Related: The Kaiser Family Foundation re-surveyed Californians to determine how insurance coverage had changed among residents in the state. The new survey findings estimated that, of California’s previously uninsured population, 58 percent (3.4 million) obtained health insurance throughout the open enrollment period. Most often the newly insured population gained coverage through Medi-Cal, the state’s Medicaid program (25 percent of newly insured), and 9 percent of the newly insured gained coverage through the state’s marketplace.
(Source: DiJulio, Bianca, Firth, Jamie, Levitt, Larry, Claxton, Gary, Garfield, Rachel, and Brodie, Mollyann.

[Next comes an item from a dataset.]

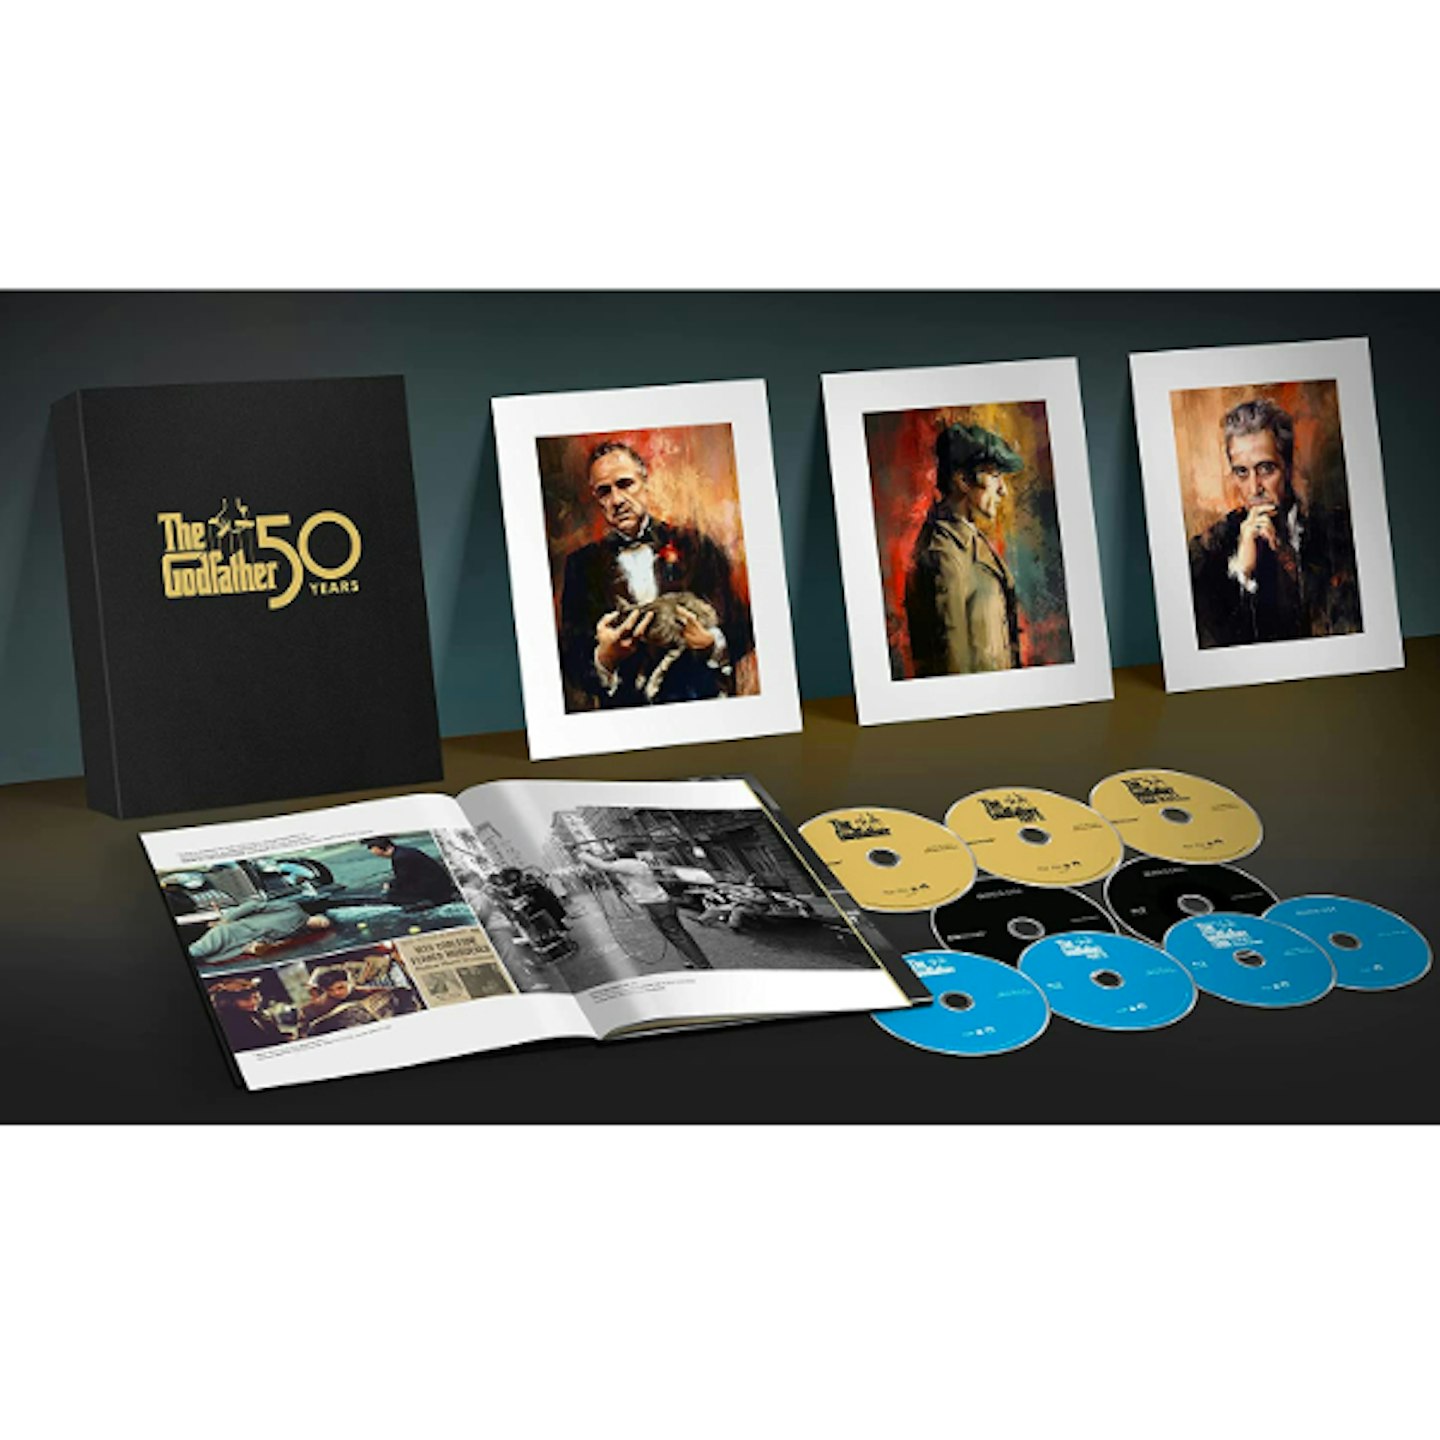 The Godfather Trilogy 50th Anniversary Collectoru2019s Edition

Kaiser Family Foundation, “Where are California’s Uninsured Now? Wave 2 of the Kaiser Family Foundation California Longitudinal Panel Survey, July 30, 2014; California Department of Insurance, “Analysis of 2014 Individual Market Health Insurance Rates Compared to Rates in 2013,” July 28, 2014)
Novartis and Google are working together to develop a smart contact lens designed to monitor blood-glucose levels while also correcting vision. Currently individuals have to rely on a finger prick test to monitor blood-glucose levels. The smart lens method is more accurate and less invasive. The lens is equipped with a tiny sensor that will analyze the amount of glucose in tears and then relay this information through an antenna. It also has the ability to wirelessly transmit the information to an app on a mobile device. Tears also contain a biomarker, lacryglobin, for breast, colon, lung, prostate and ovarian cancers. Measuring the lacryglobin levels could help to monitor patients in remission. Ultimately this type of technology could help individuals better manage their own health and prevent disease through early detection.

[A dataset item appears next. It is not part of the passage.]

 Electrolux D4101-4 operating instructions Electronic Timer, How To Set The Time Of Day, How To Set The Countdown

Google will soon start analyzing people’s health through biomarkers found in urine, blood, saliva and tears as part of its Baseline Study Initiative. The Wall Street Journal reported that 175 study participants will wear Google's experimental wearable devices, including its smart contact lens for monitoring glucose levels being developed with Novartis, and will have their biological, molecular and genetic information analyzed. This initial study will be followed by a larger study of thousands of people run in collaboration with Duke and Stanford universities. The goal of the project is to help researchers identify biomarkers to detect diseases such as heart disease and cancer much earlier. According to the article, Stanford and Duke medical schools will monitor and control the use of the anonymized data, it will not be shared with insurance companies and it will be made available to third-party researchers. A team at Google X – the same unit responsible for innovations like the driverless car and the smart contact lens – is running the project.